Type out the whole listing again exactly, pictures omitted.

• _Given information_

━━━━━━━━━━━━━━━━━━━━━━━━━━━━━━

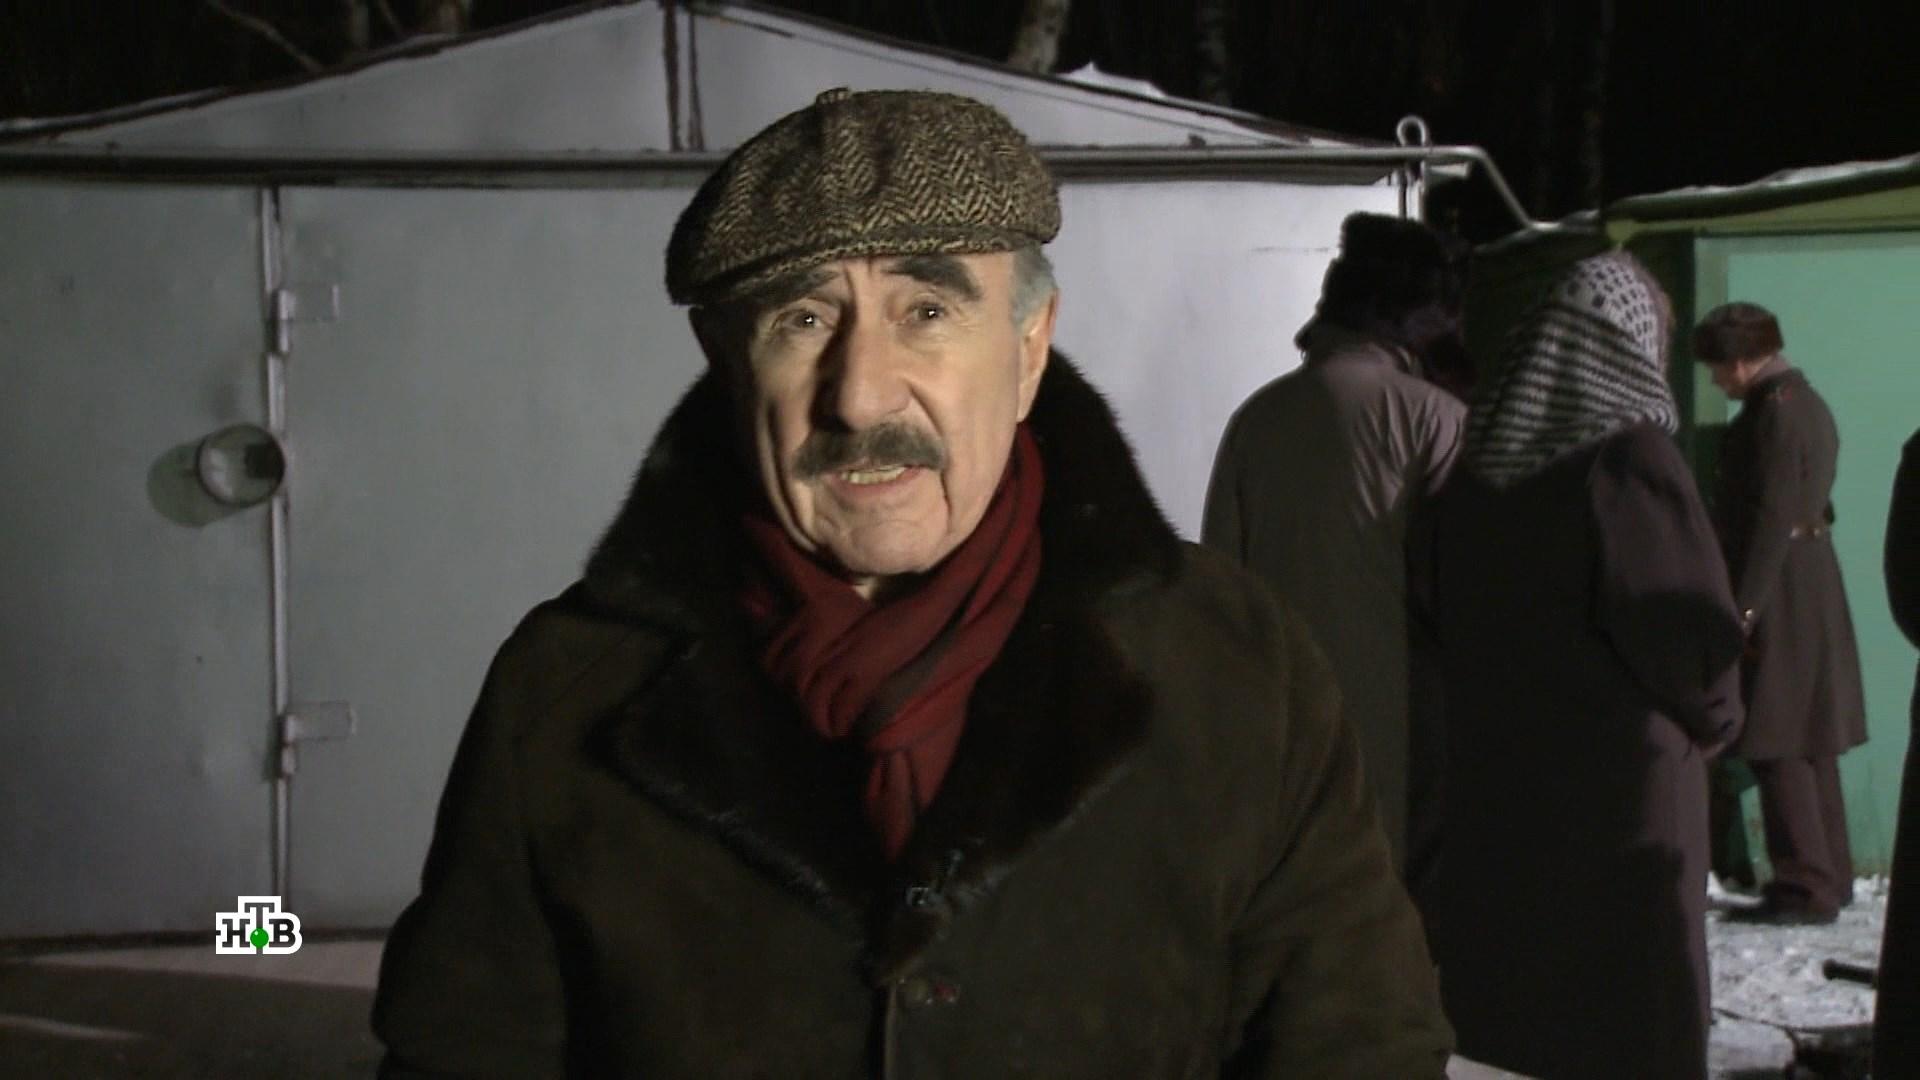 Следствие вели... с Леонидом Каневским. По тонкому льду [эфир от 15.04] (2018) WEBRip 1080p
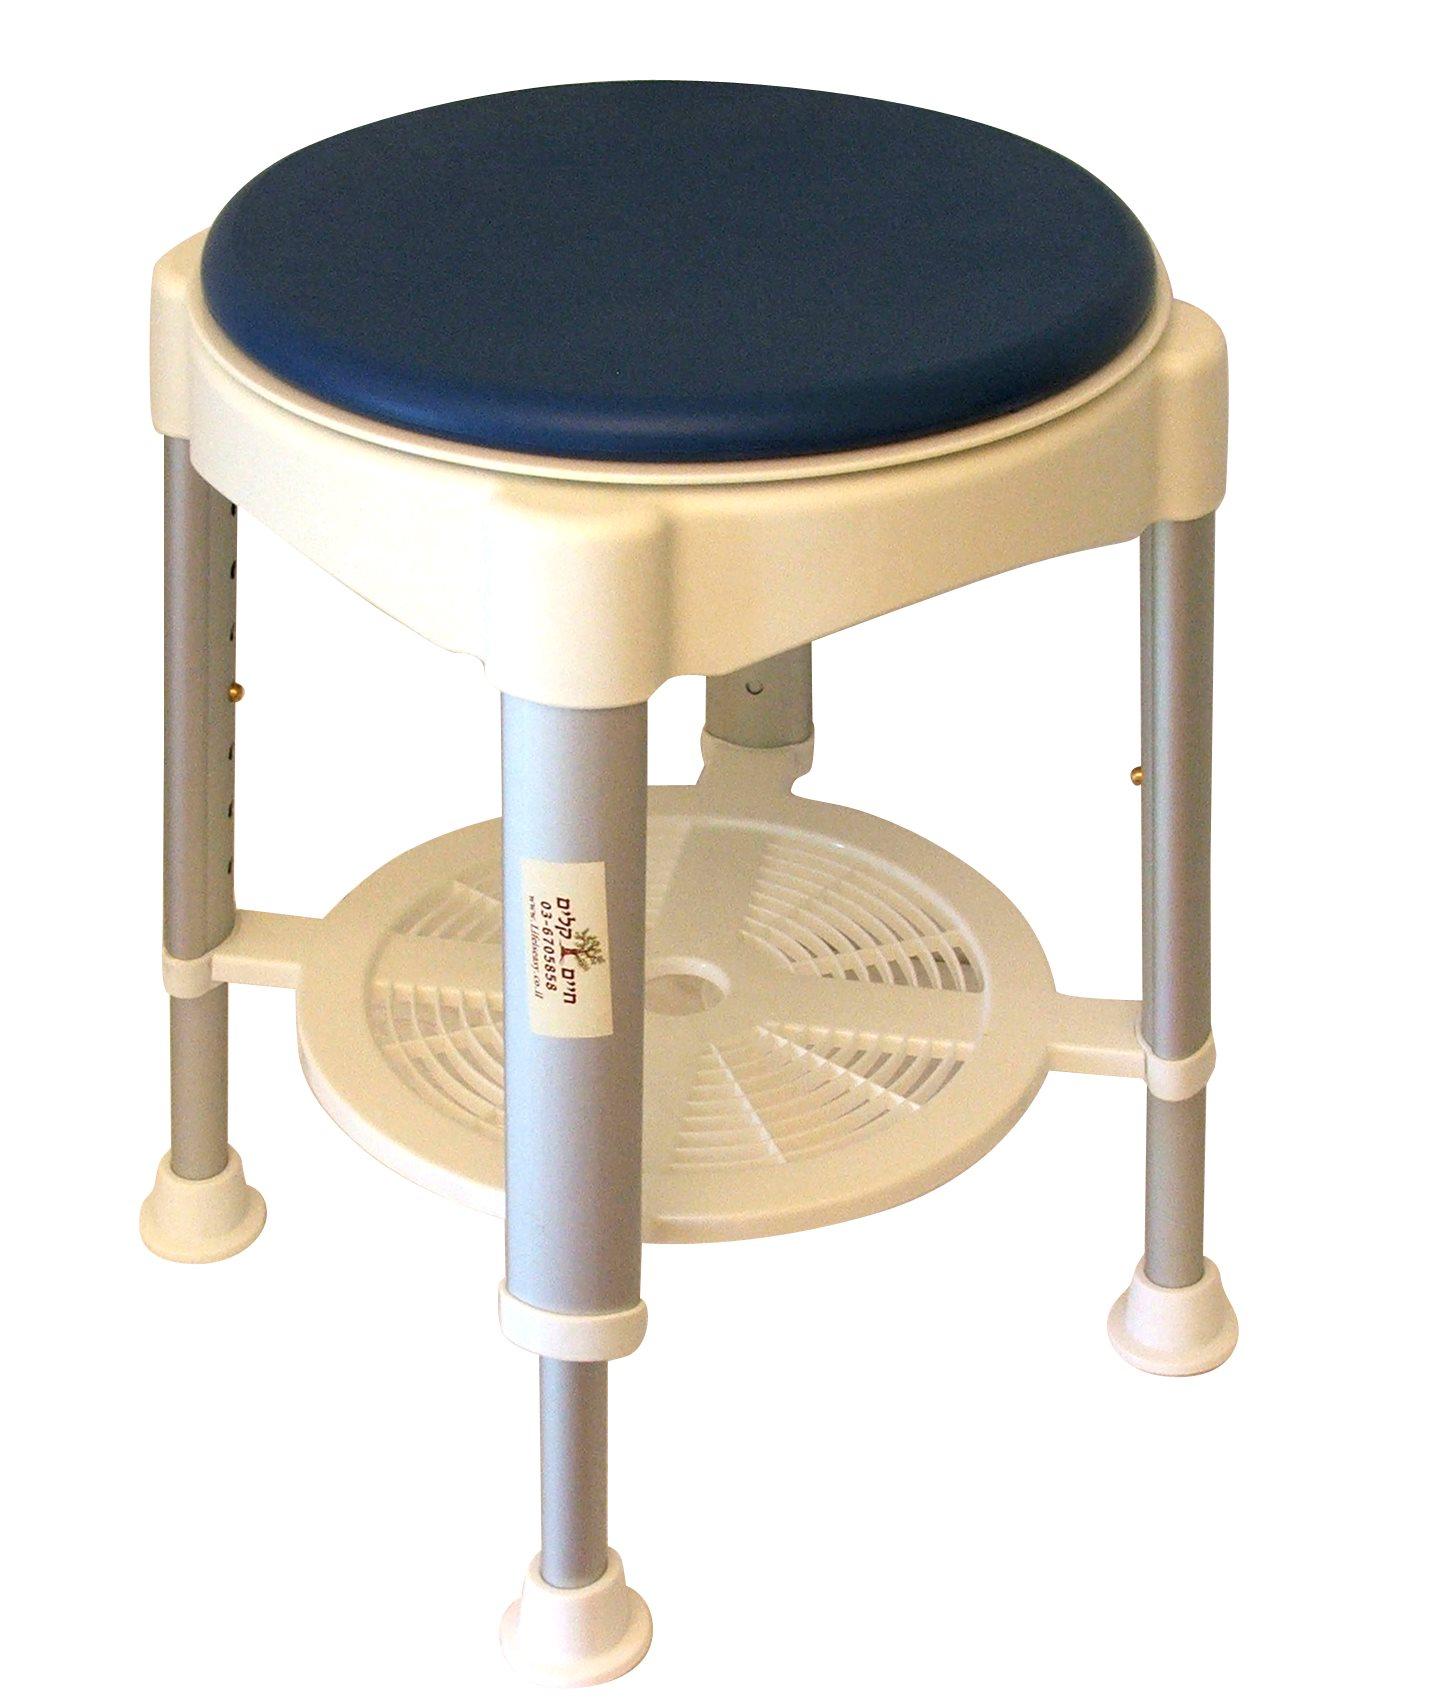 כסא מקלחת עם מושב מסתובב
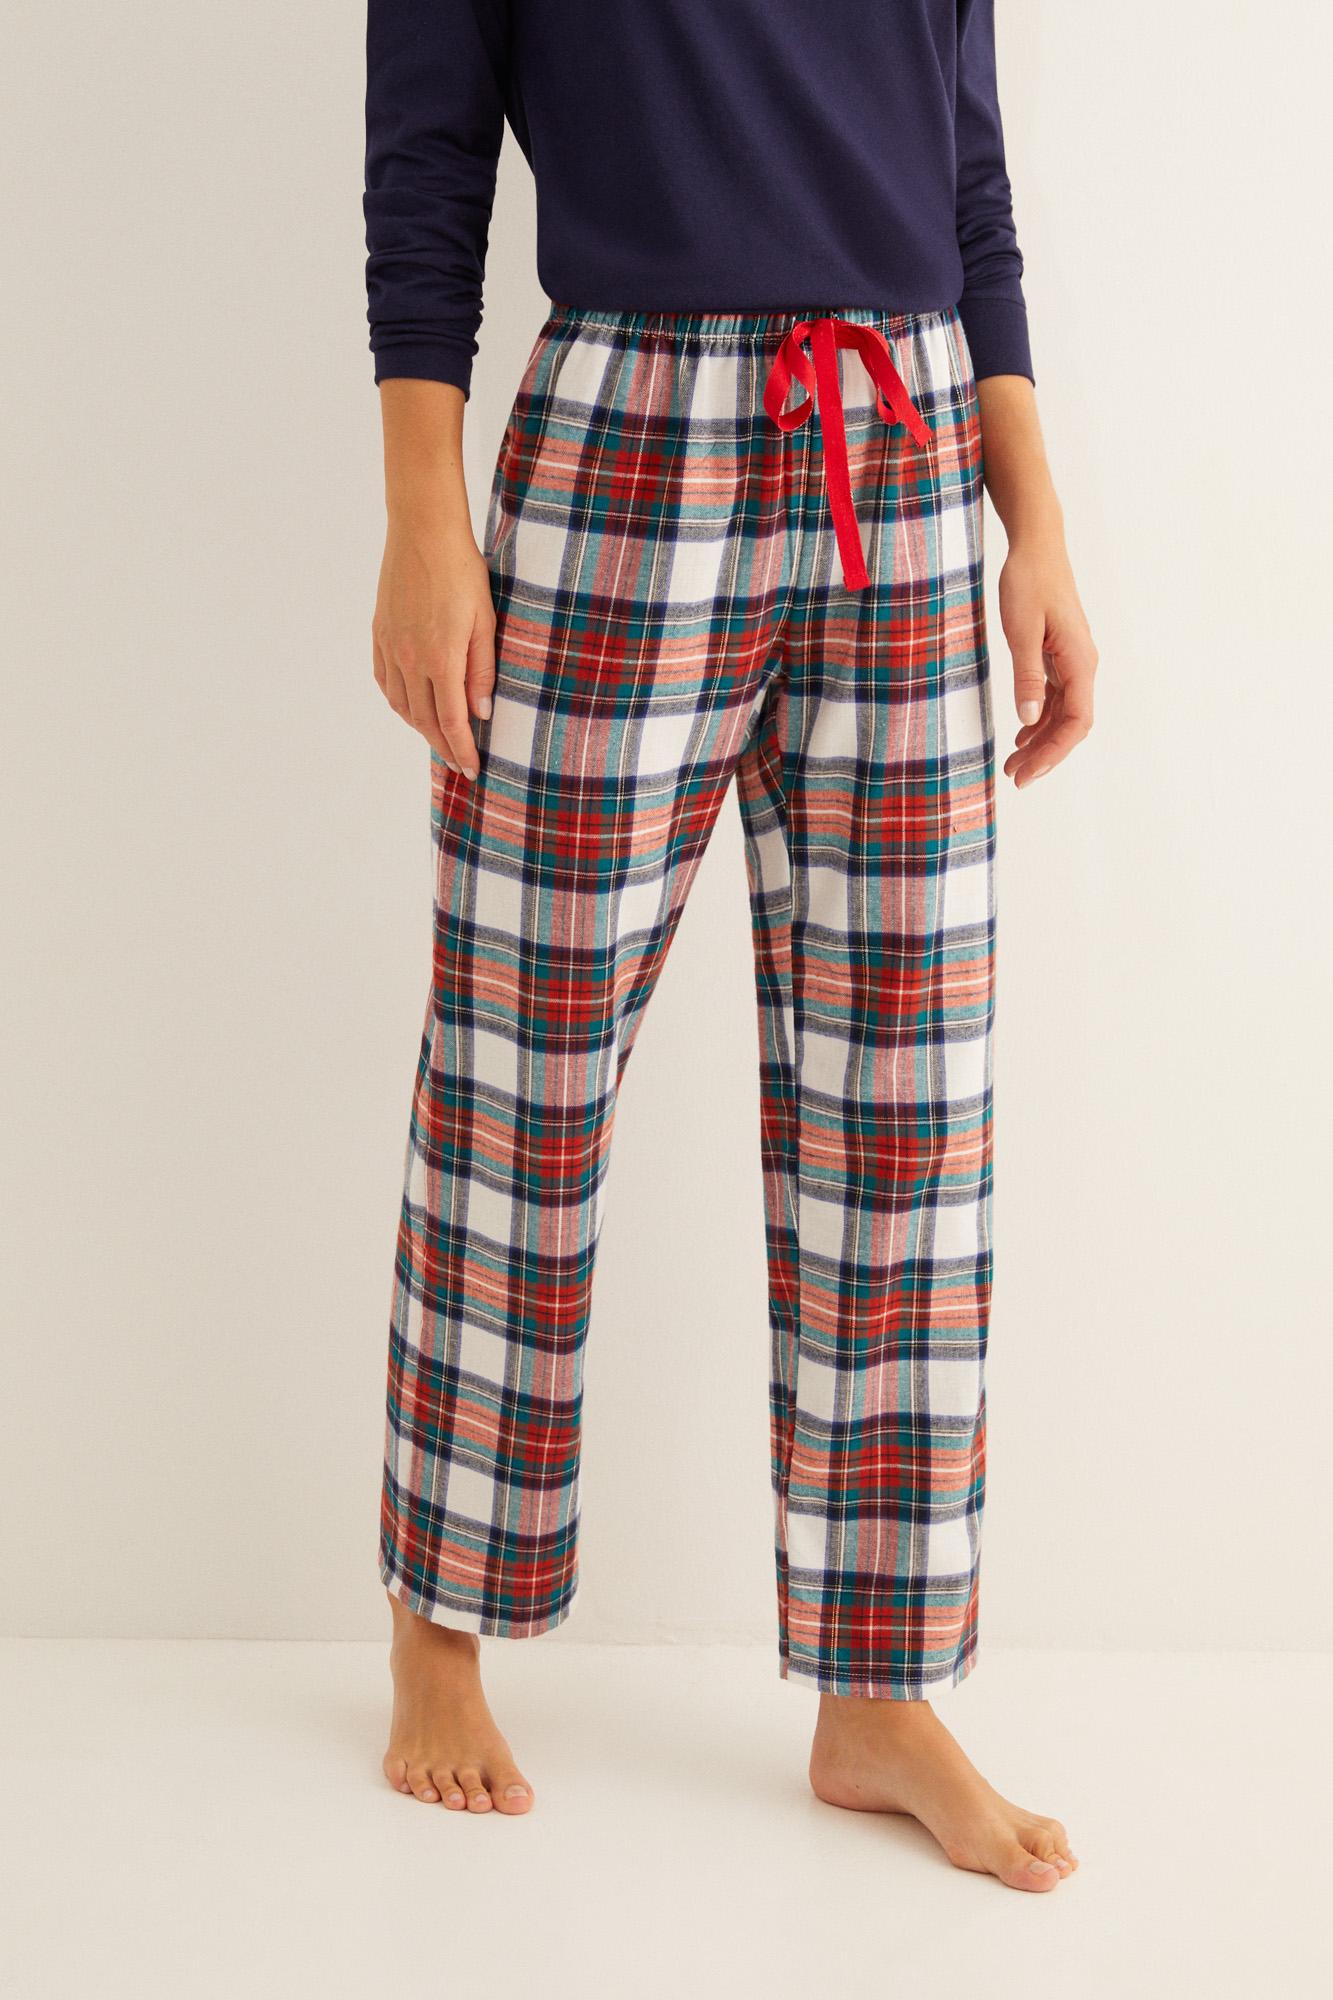 Pantalón largo de pijama estampado cuadros crudo
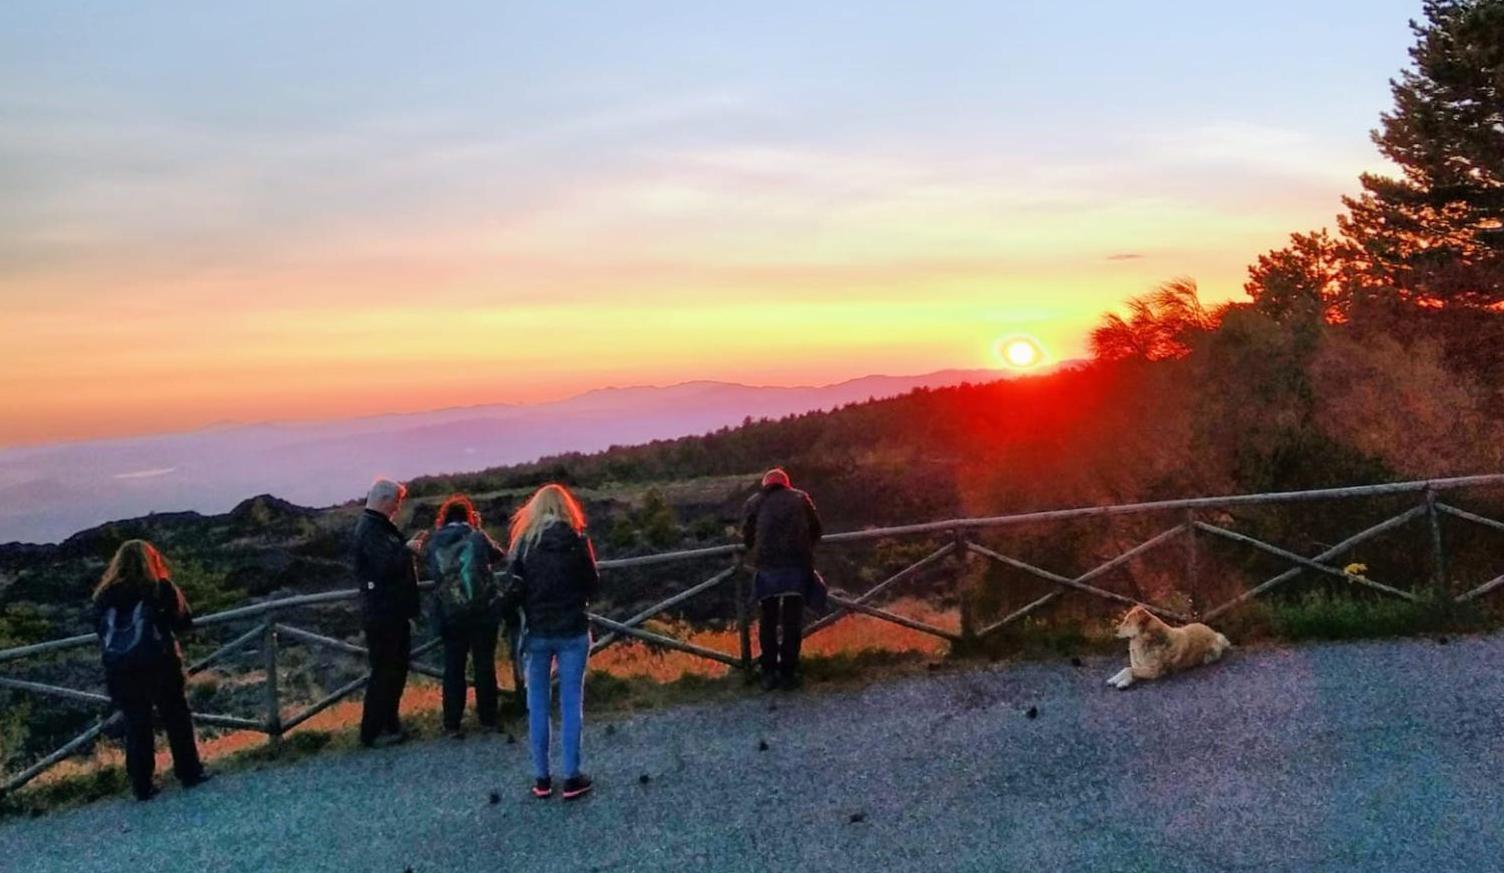 morning-sunset-1584475715.jpg

━━━━━━━━━━━━━━━━━━━━━━━━━━━━━━

• _Response to the task_
 Следствие вели... с Леонидом Каневским. По тонкому льду [эфир от 15.04] (2018) WEBRip 1080p
 כסא מקלחת עם מושב מסתובב
 Pantalón largo de pijama estampado cuadros crudo
 morning-sunset-1584475715.jpg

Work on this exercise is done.